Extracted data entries
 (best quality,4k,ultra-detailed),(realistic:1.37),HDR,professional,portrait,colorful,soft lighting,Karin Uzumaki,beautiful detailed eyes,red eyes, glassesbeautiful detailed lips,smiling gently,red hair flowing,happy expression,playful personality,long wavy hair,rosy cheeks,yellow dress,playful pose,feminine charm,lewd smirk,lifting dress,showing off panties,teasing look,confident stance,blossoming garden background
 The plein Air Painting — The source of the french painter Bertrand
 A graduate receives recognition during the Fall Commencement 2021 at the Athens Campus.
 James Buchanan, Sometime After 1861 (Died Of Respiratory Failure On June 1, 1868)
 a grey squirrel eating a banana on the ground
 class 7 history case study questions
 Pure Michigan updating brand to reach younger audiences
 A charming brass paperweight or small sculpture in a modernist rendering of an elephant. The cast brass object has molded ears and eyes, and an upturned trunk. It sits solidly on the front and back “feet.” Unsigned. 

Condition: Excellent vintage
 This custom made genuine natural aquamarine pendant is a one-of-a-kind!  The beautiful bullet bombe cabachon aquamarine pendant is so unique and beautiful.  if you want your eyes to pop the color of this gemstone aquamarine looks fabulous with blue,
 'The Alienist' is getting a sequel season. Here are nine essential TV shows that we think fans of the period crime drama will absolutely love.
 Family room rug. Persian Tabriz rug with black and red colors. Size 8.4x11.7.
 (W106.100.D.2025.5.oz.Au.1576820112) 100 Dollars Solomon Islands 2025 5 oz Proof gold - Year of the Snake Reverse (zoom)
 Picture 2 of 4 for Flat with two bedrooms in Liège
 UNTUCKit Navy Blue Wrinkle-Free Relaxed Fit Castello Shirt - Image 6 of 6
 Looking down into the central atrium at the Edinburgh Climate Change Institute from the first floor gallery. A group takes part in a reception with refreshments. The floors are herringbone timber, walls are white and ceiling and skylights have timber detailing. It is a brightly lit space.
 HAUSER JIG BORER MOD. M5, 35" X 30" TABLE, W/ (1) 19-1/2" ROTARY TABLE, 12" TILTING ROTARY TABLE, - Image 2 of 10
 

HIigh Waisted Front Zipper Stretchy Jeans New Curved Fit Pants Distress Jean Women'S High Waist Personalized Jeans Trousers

_WHAT IS NEEDED:_
Pull out each line of the entries that contains "Image".

_COMPLETED EXERCISE:_
 UNTUCKit Navy Blue Wrinkle-Free Relaxed Fit Castello Shirt - Image 6 of 6
 HAUSER JIG BORER MOD. M5, 35" X 30" TABLE, W/ (1) 19-1/2" ROTARY TABLE, 12" TILTING ROTARY TABLE, - Image 2 of 10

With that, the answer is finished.